Exercise prompt – When the line with "Brilliant White Sparkly" comes up, set it down and every later line to the end of the data, exactly and without pictures.

Data provided –
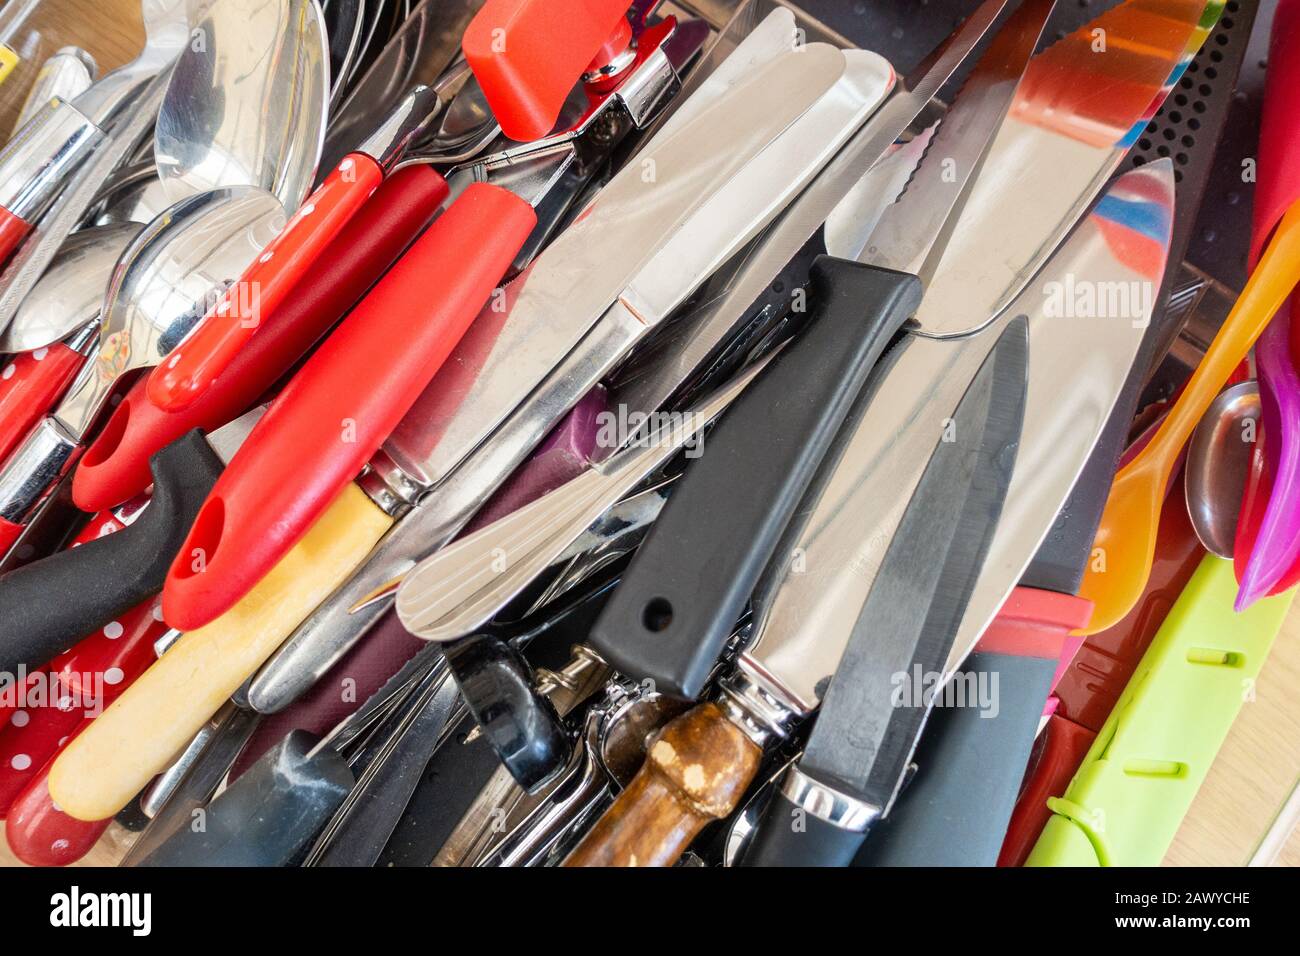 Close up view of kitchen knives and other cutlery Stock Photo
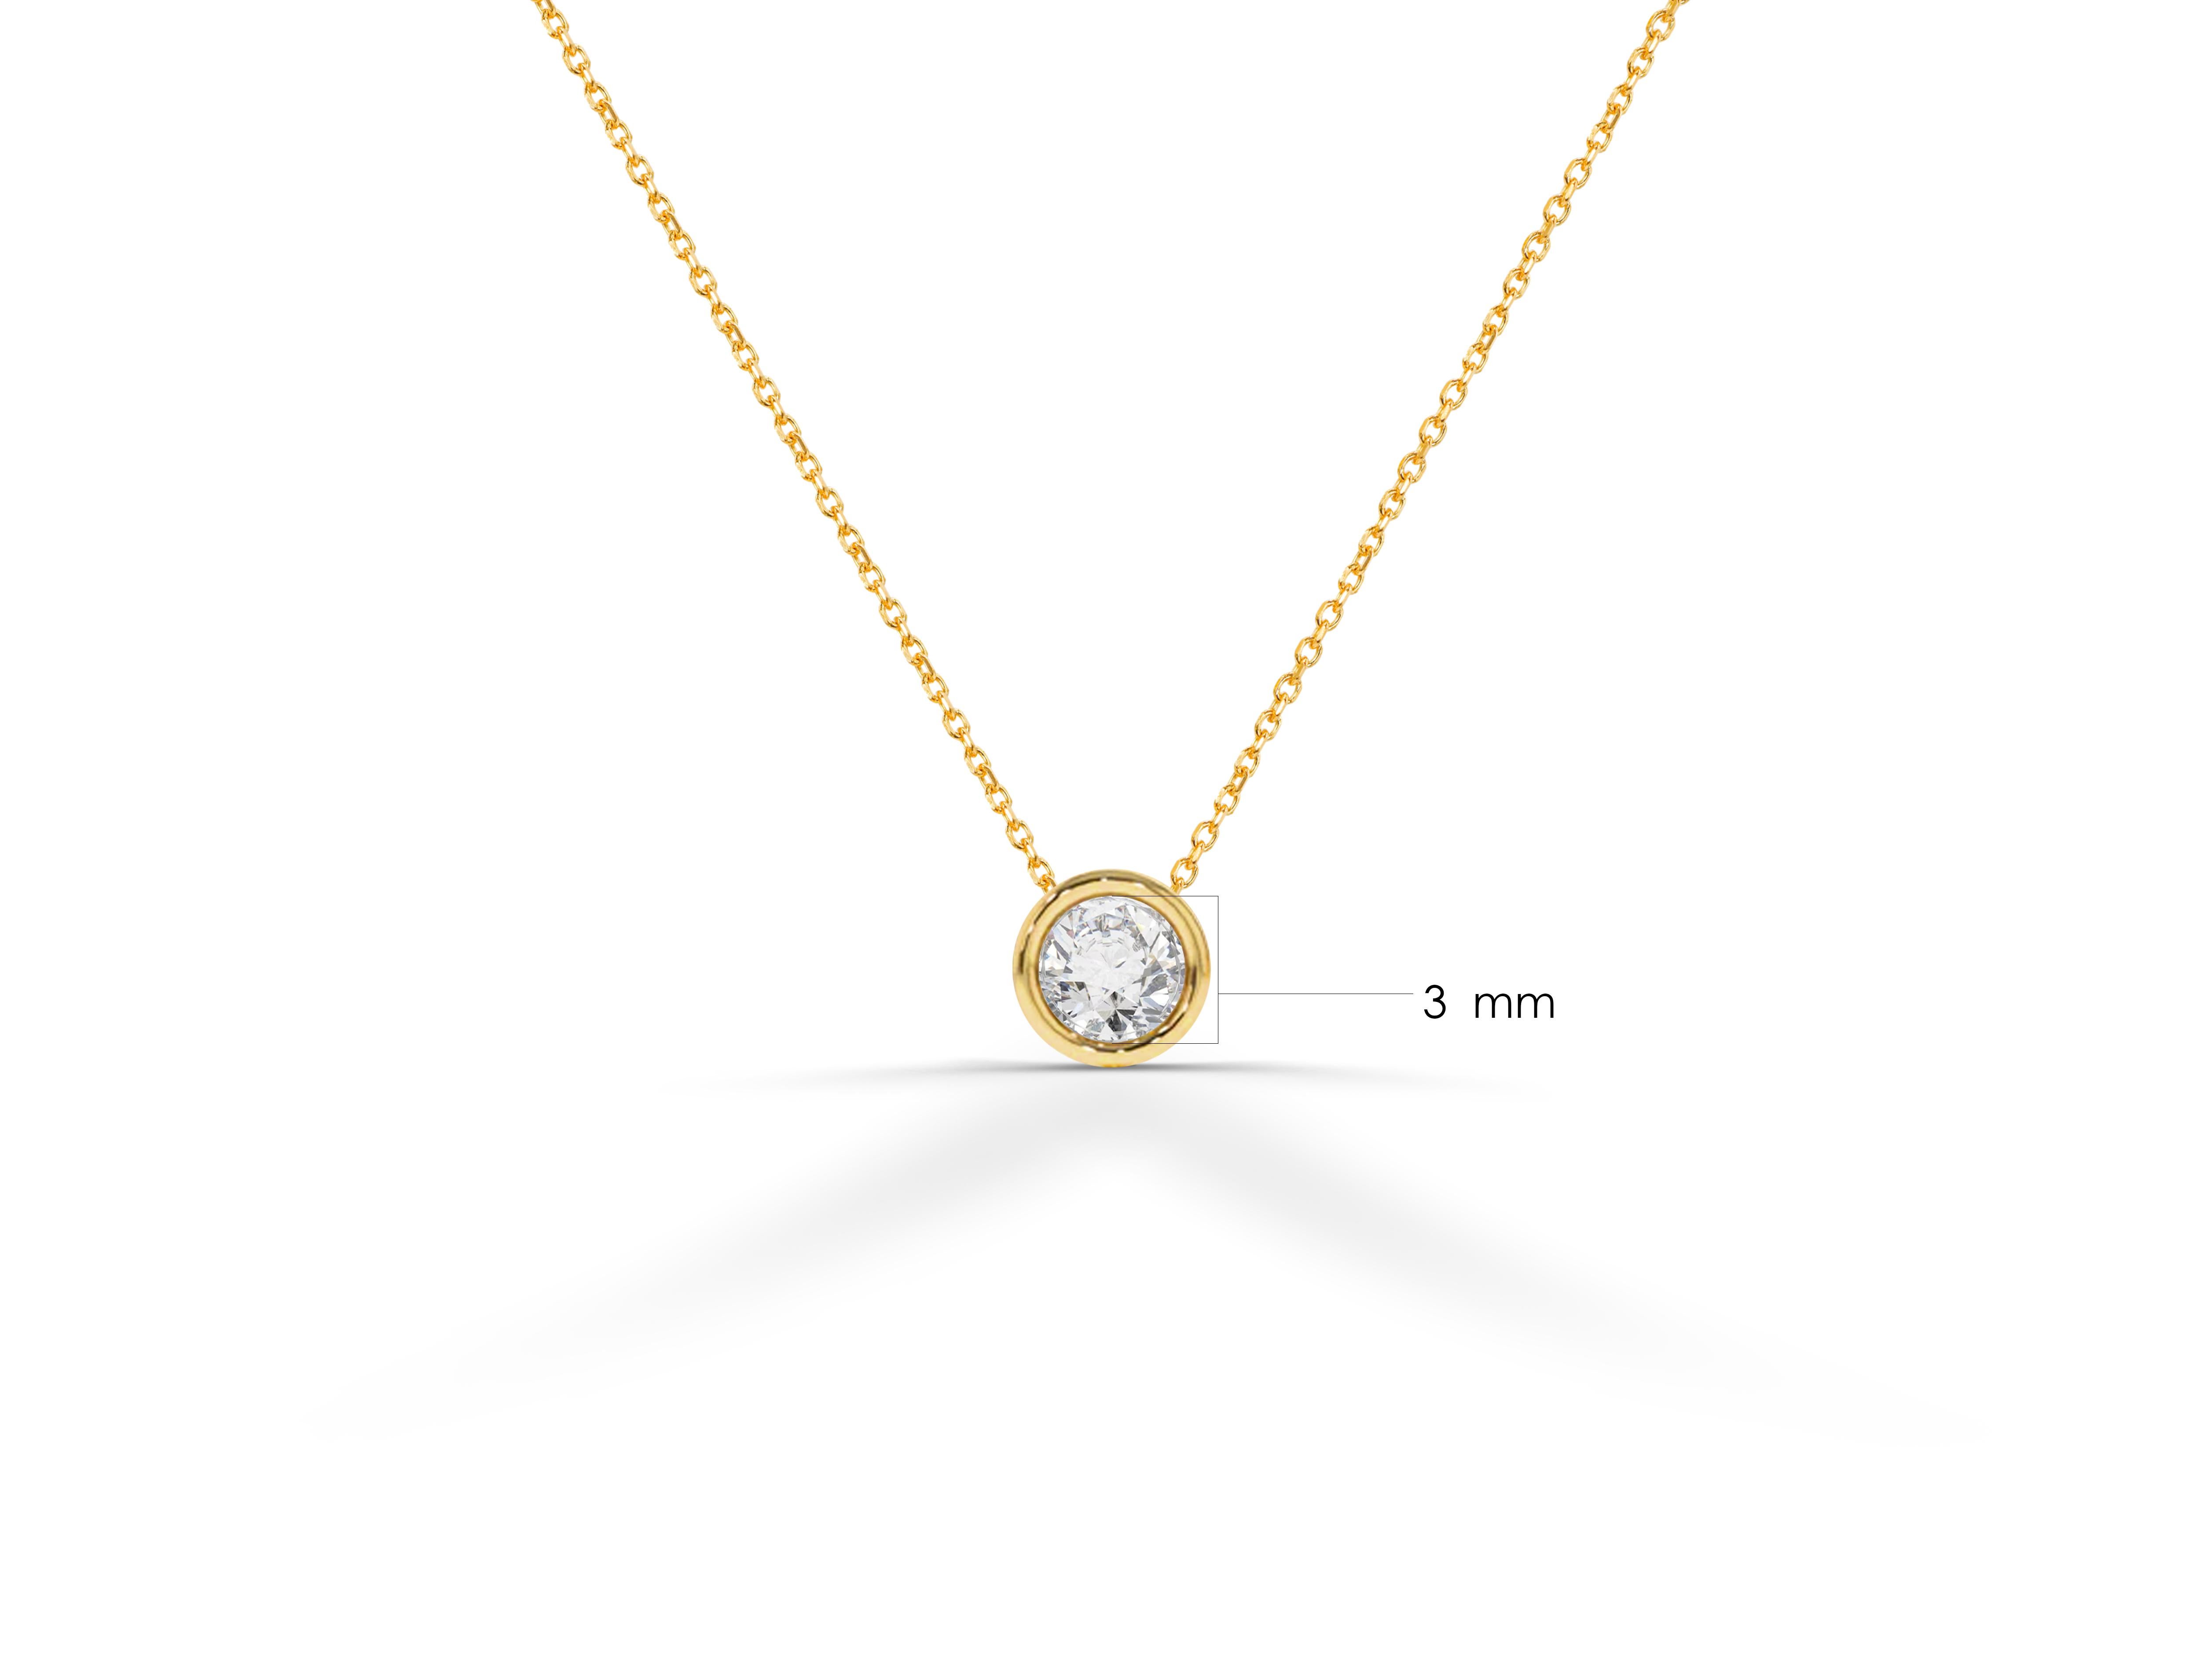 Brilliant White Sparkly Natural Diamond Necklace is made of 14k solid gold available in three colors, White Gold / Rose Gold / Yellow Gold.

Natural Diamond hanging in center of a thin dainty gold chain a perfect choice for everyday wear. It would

Written response –
 Brilliant White Sparkly Natural Diamond Necklace is made of 14k solid gold available in three colors, White Gold / Rose Gold / Yellow Gold.

Natural Diamond hanging in center of a thin dainty gold chain a perfect choice for everyday wear. It would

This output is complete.